TASK PROMPT:
Everything in the listing below must be set down again exactly, apart from the pictures.

SUPPLIED INFORMATION:
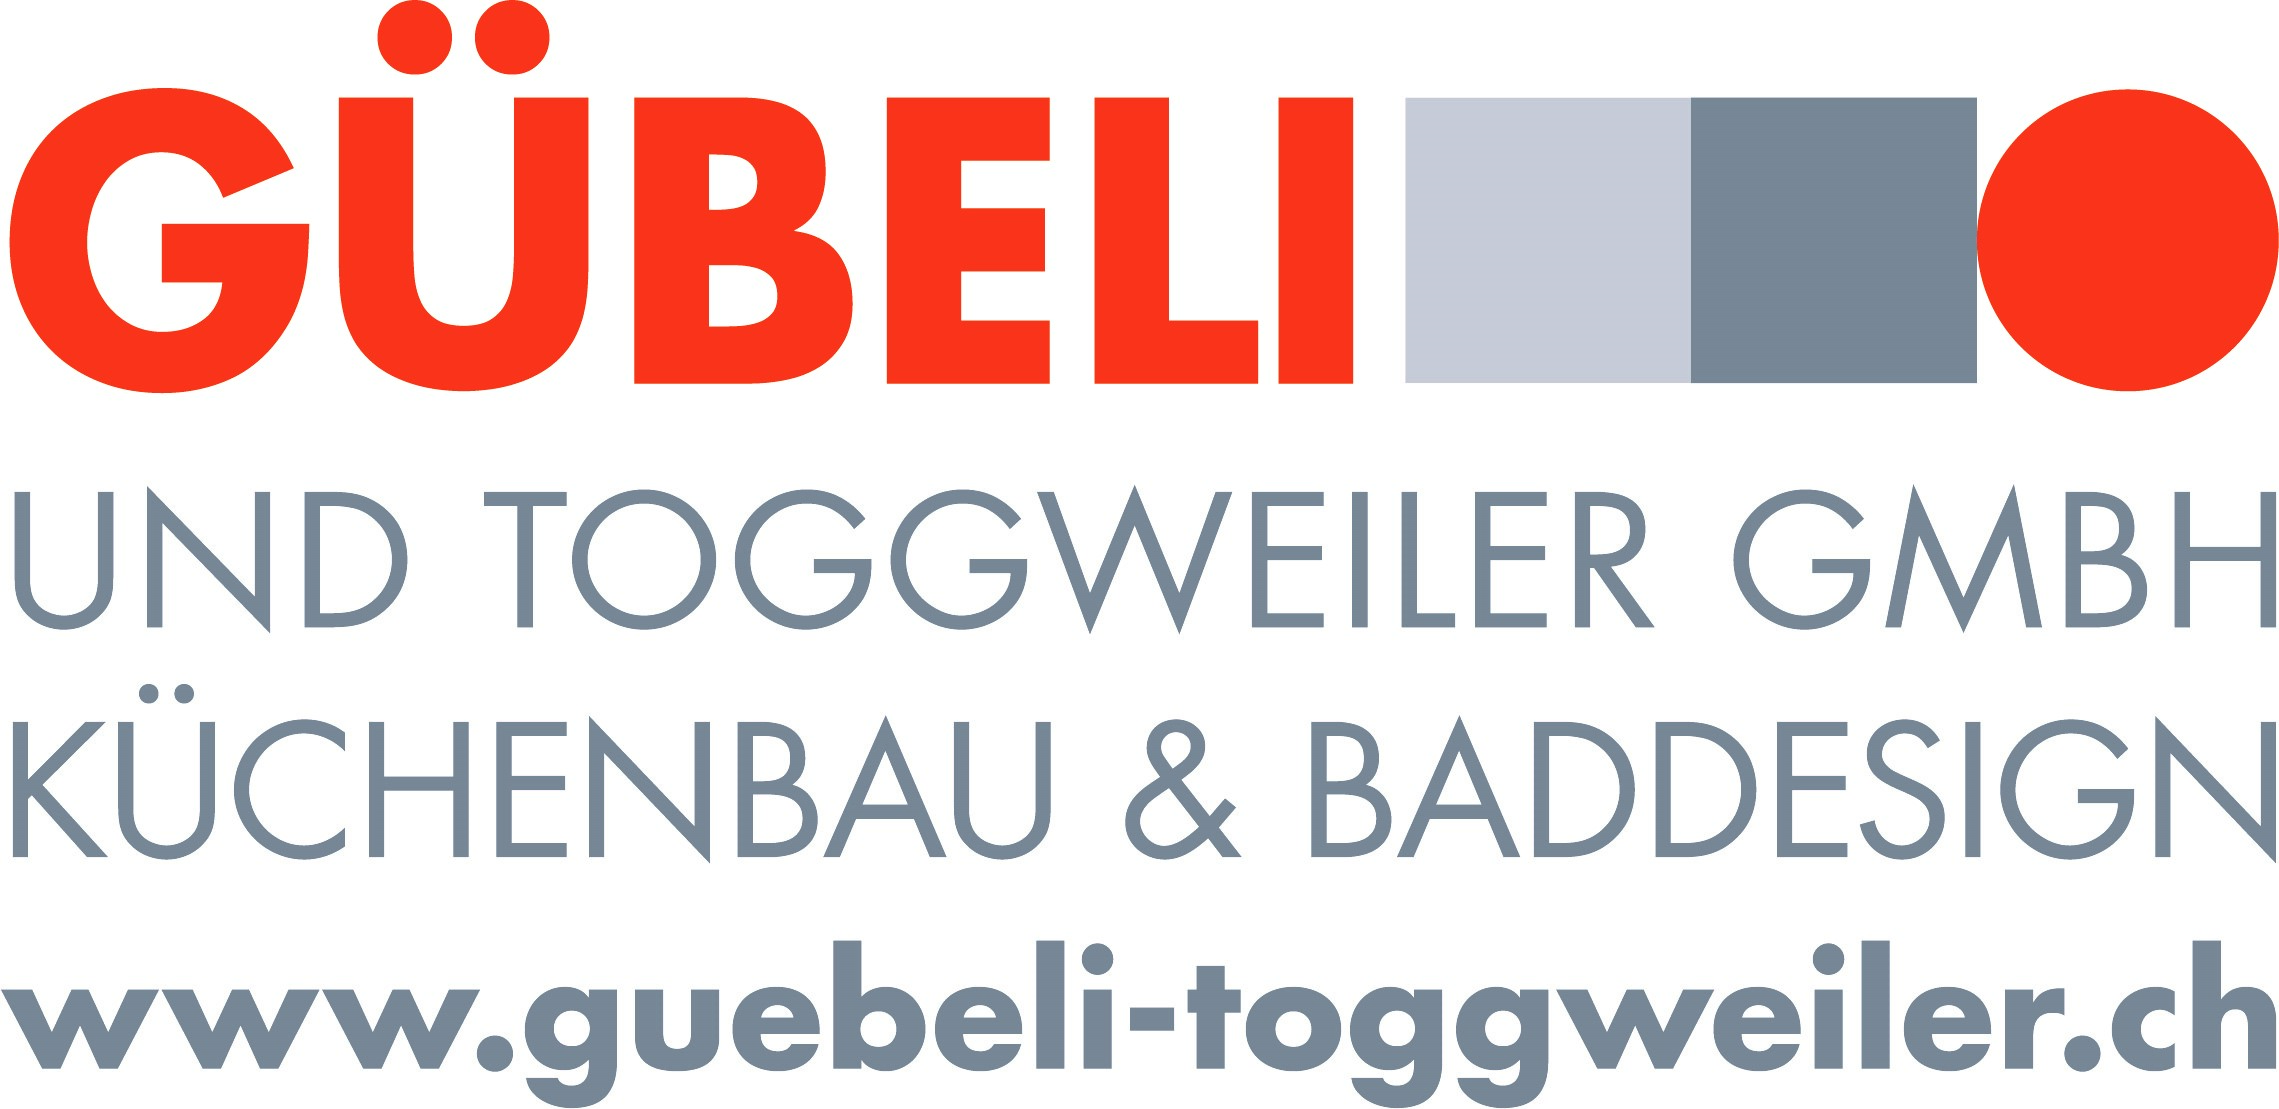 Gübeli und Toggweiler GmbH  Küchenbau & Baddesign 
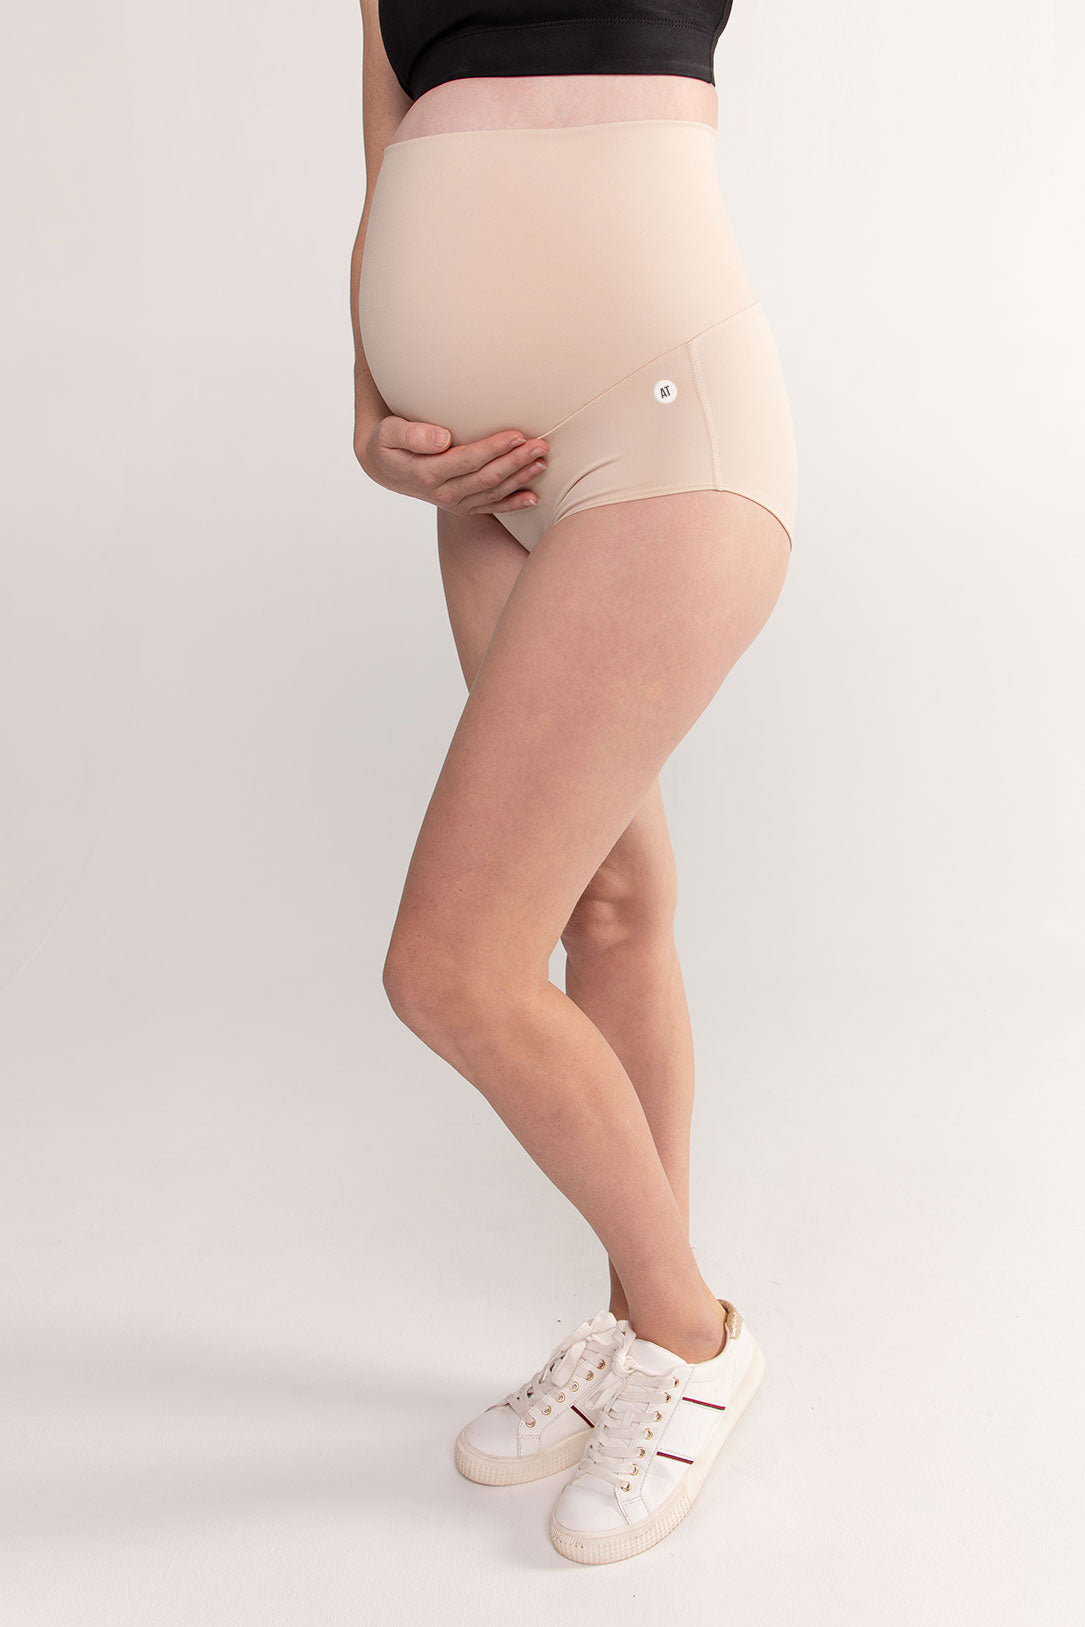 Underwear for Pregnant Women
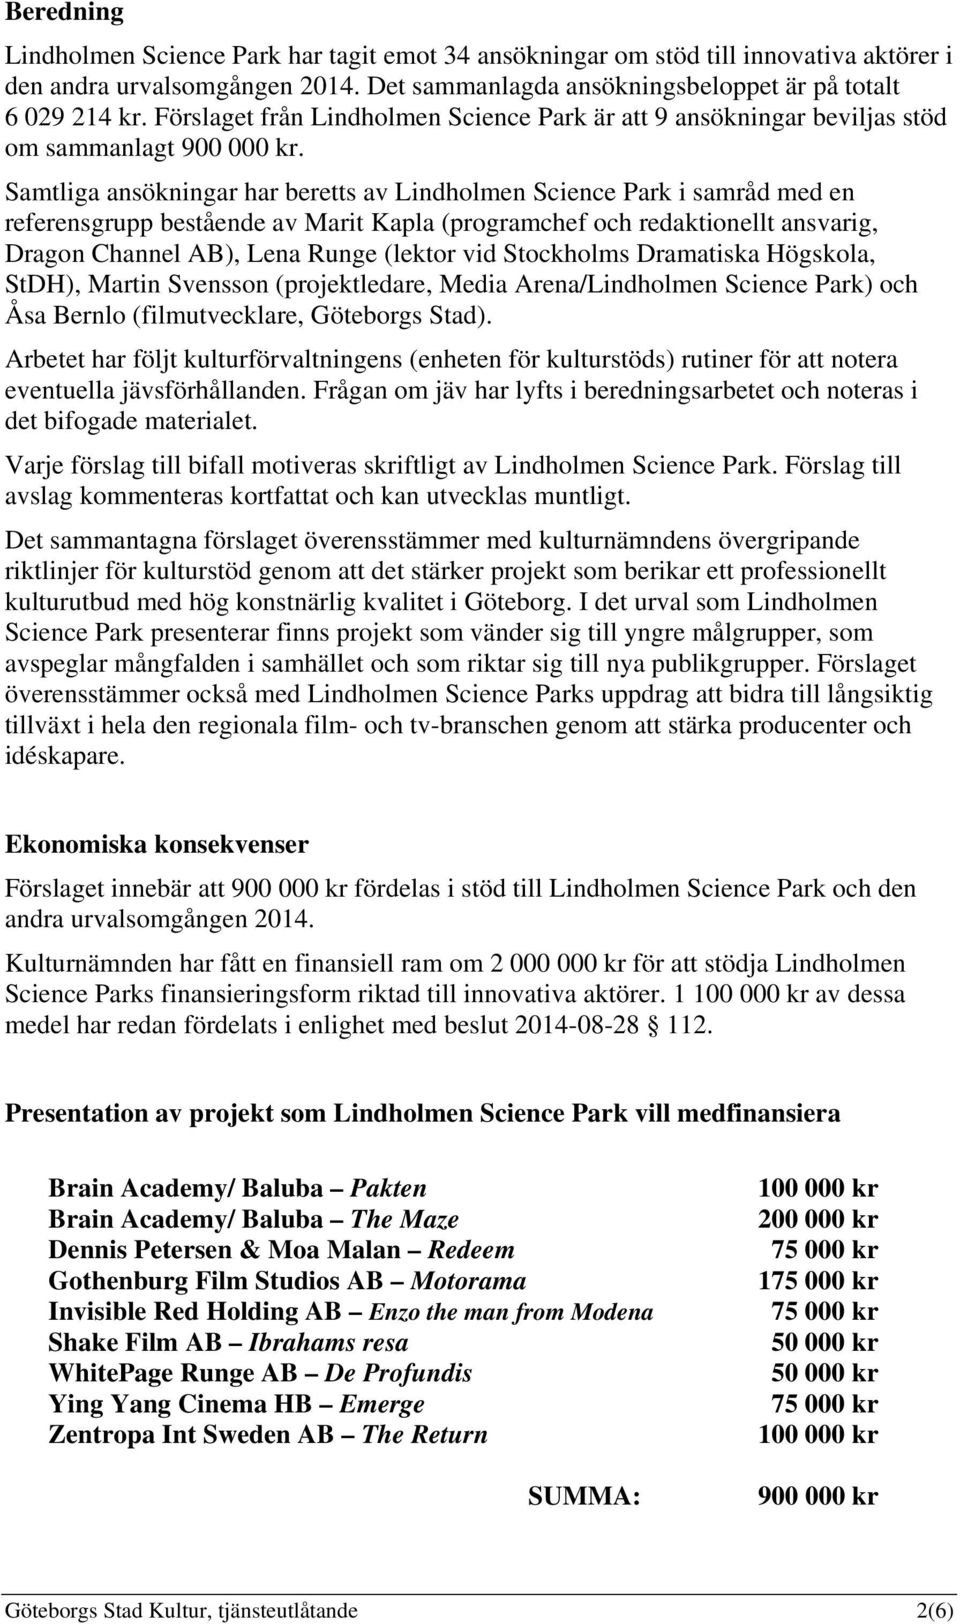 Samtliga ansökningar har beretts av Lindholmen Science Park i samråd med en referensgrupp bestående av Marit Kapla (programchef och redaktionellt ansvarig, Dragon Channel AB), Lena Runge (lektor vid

RESULT OF THIS EXERCISE:
 Gübeli und Toggweiler GmbH  Küchenbau & Baddesign 
 Underwear for Pregnant Women
 Samtliga ansökningar har beretts av Lindholmen Science Park i samråd med en referensgrupp bestående av Marit Kapla (programchef och redaktionellt ansvarig, Dragon Channel AB), Lena Runge (lektor vid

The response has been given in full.